* _Data records_:
★ ★ ★ ★ ★

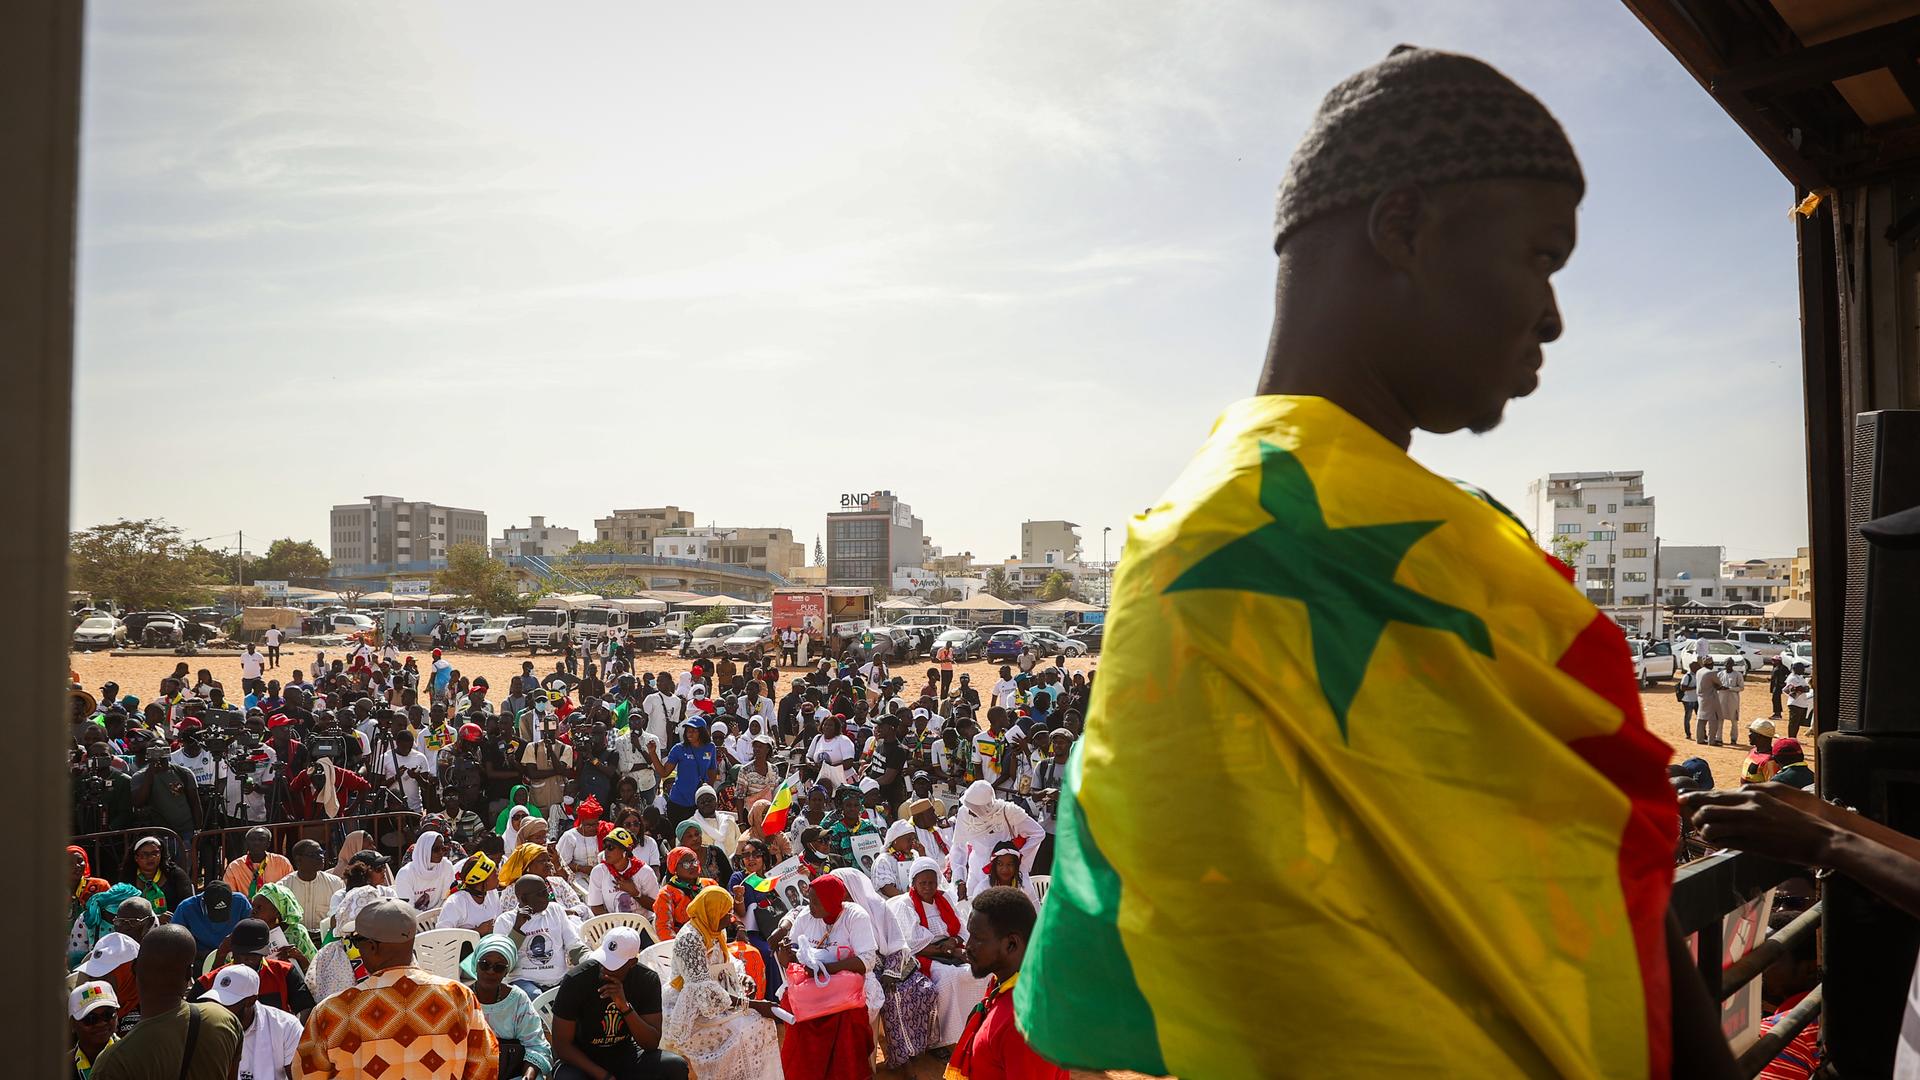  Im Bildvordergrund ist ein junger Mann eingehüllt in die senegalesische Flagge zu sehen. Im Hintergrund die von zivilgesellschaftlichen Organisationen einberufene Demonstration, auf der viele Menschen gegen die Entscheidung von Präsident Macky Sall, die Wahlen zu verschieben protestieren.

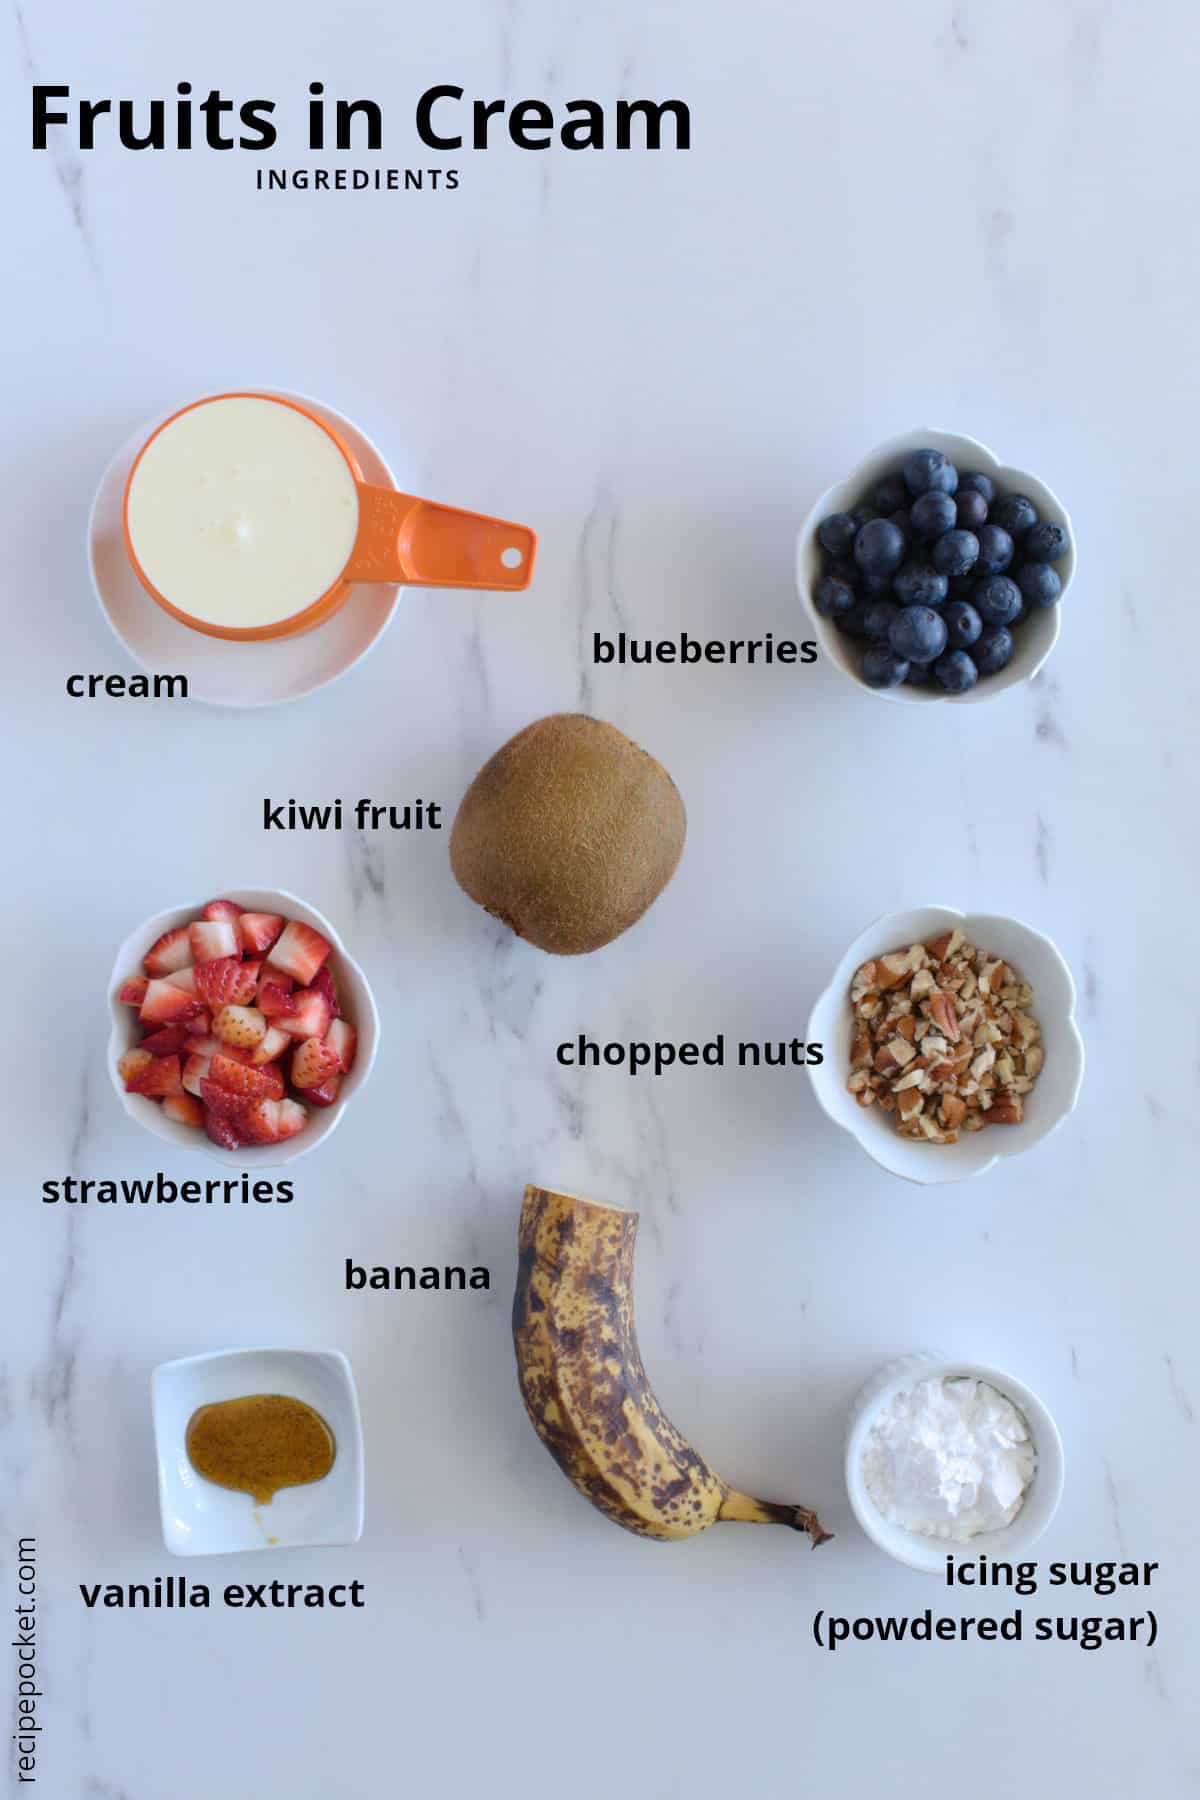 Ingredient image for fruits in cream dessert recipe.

★ ★ ★ ★ ★

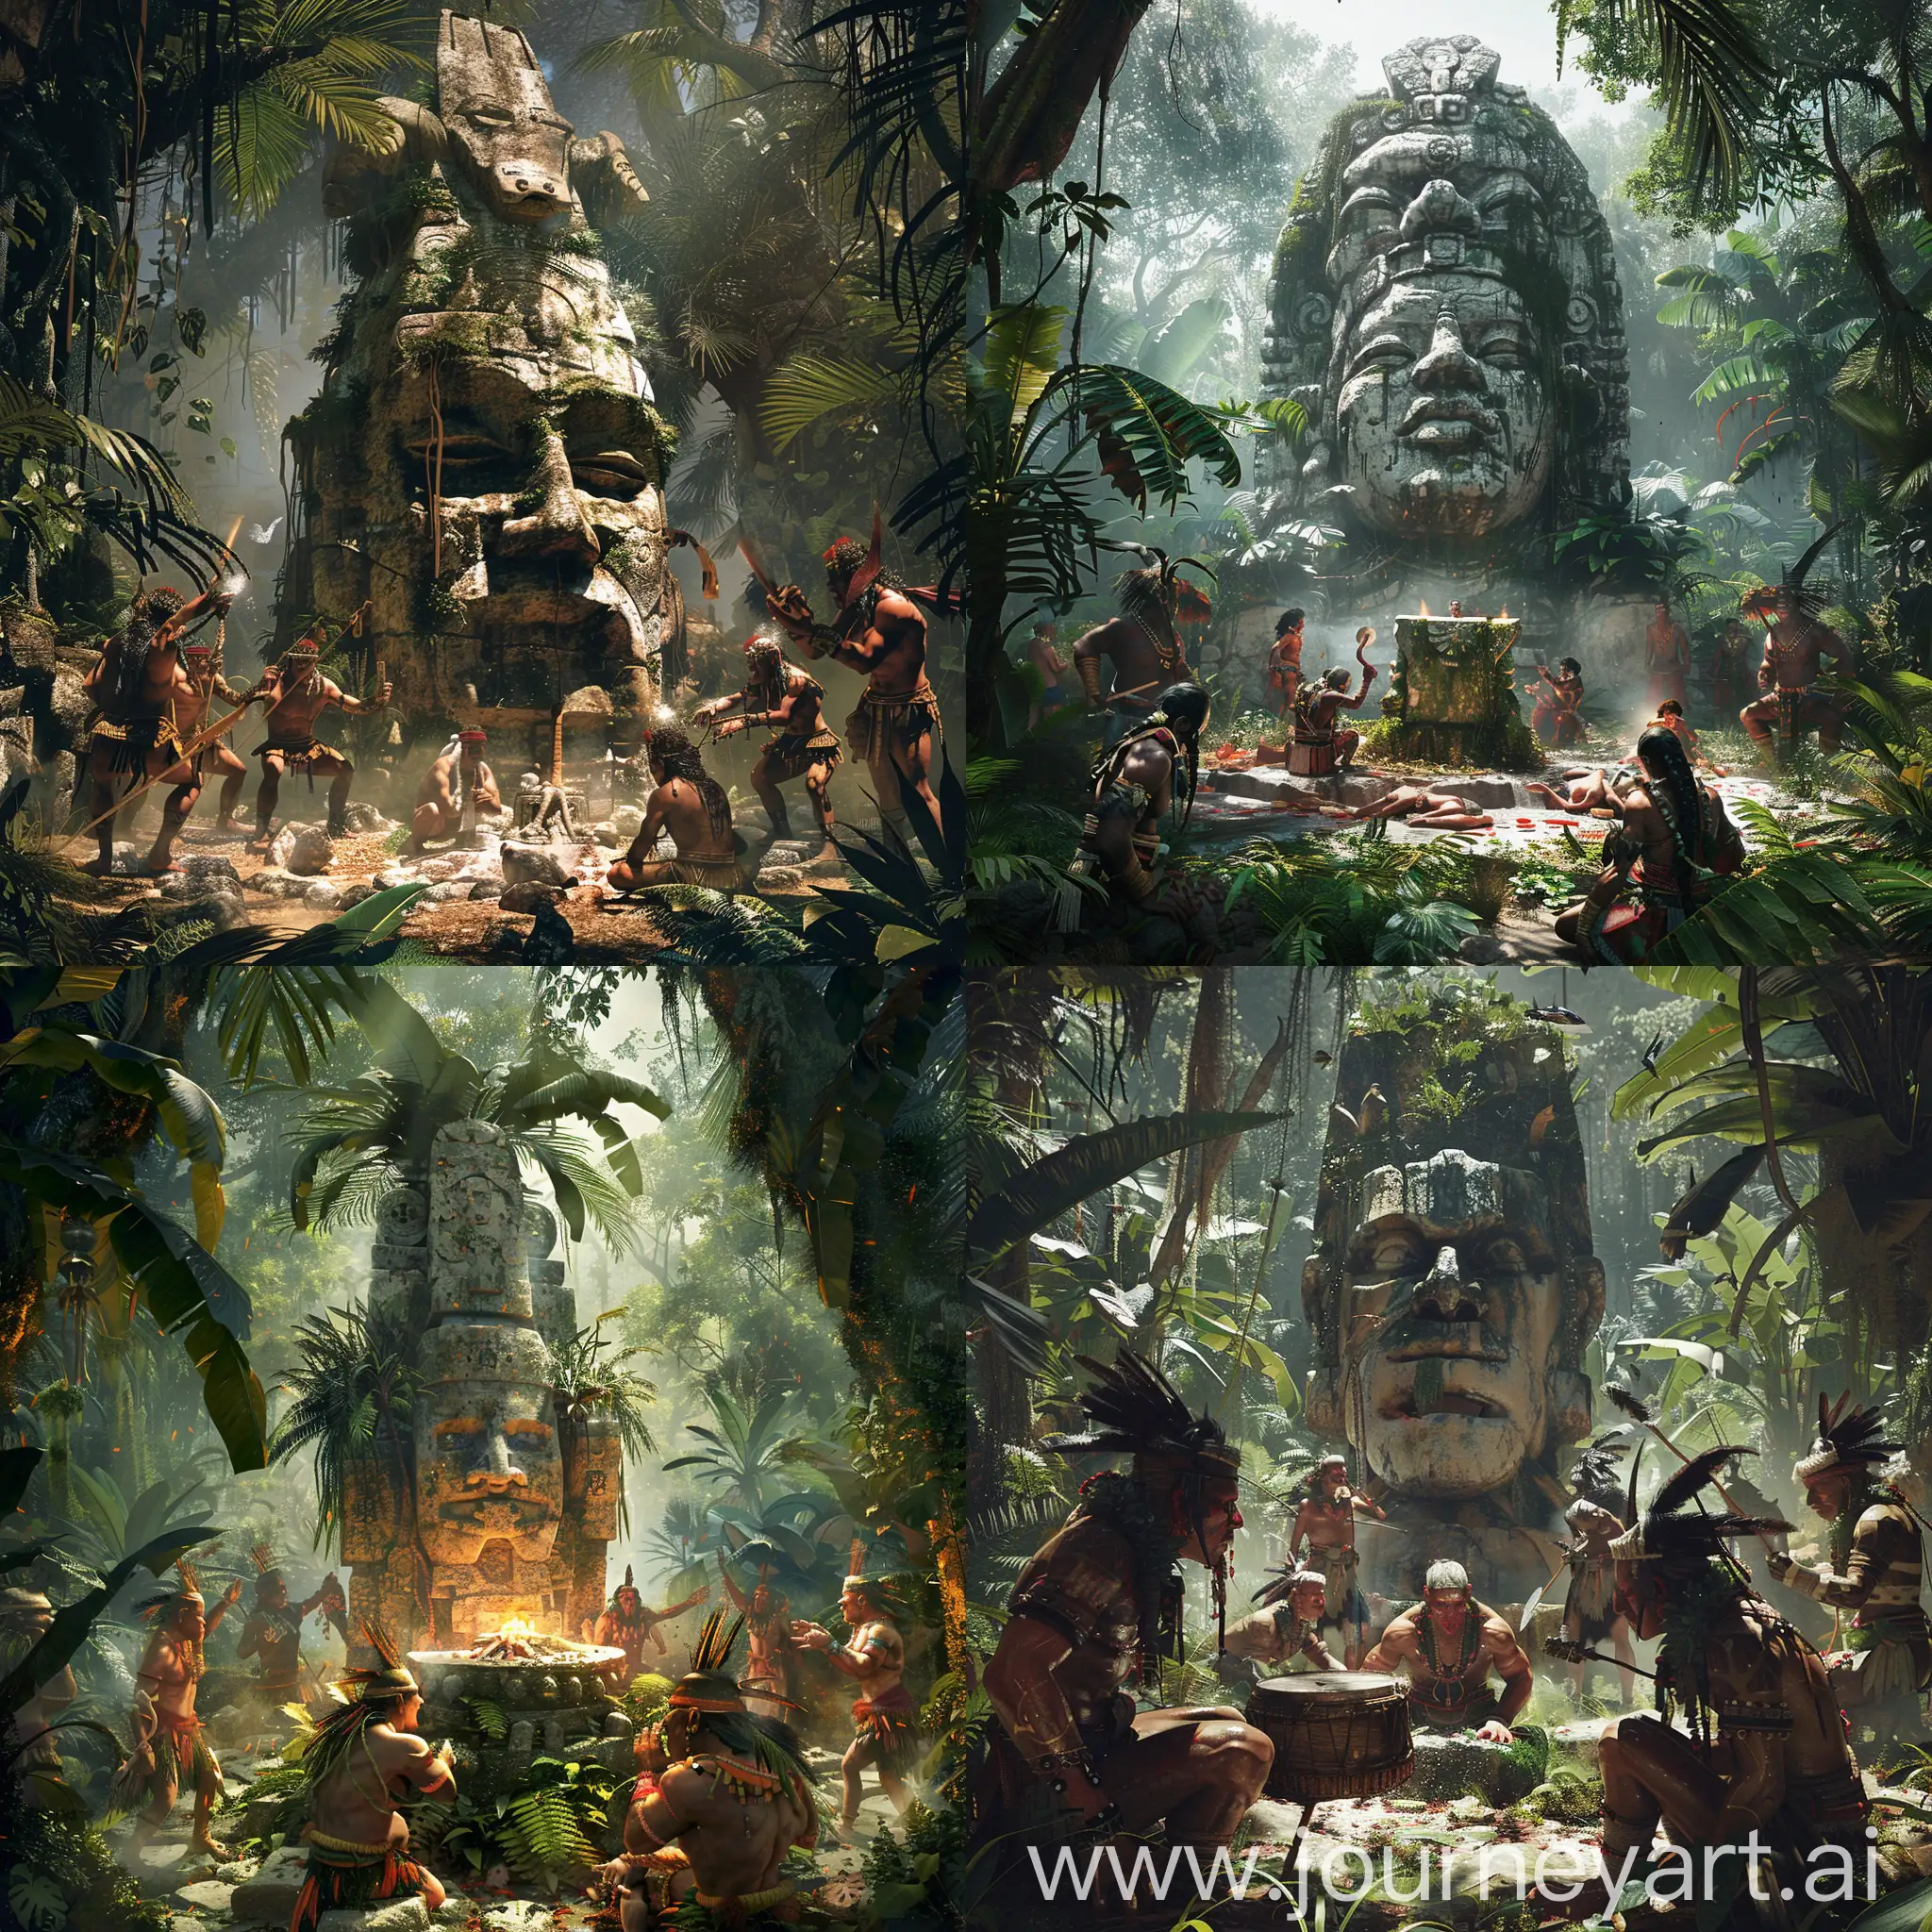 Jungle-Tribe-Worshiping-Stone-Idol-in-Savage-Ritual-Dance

★ ★ ★ ★ ★

* _Exercise_: In the data above, retype only the stretch from the line with "Im Bildvordergrund ist" through the line with "Ingredient image for", word for word, and skip any pictures.

* _Exercise solution_:
  Im Bildvordergrund ist ein junger Mann eingehüllt in die senegalesische Flagge zu sehen. Im Hintergrund die von zivilgesellschaftlichen Organisationen einberufene Demonstration, auf der viele Menschen gegen die Entscheidung von Präsident Macky Sall, die Wahlen zu verschieben protestieren.

 Ingredient image for fruits in cream dessert recipe.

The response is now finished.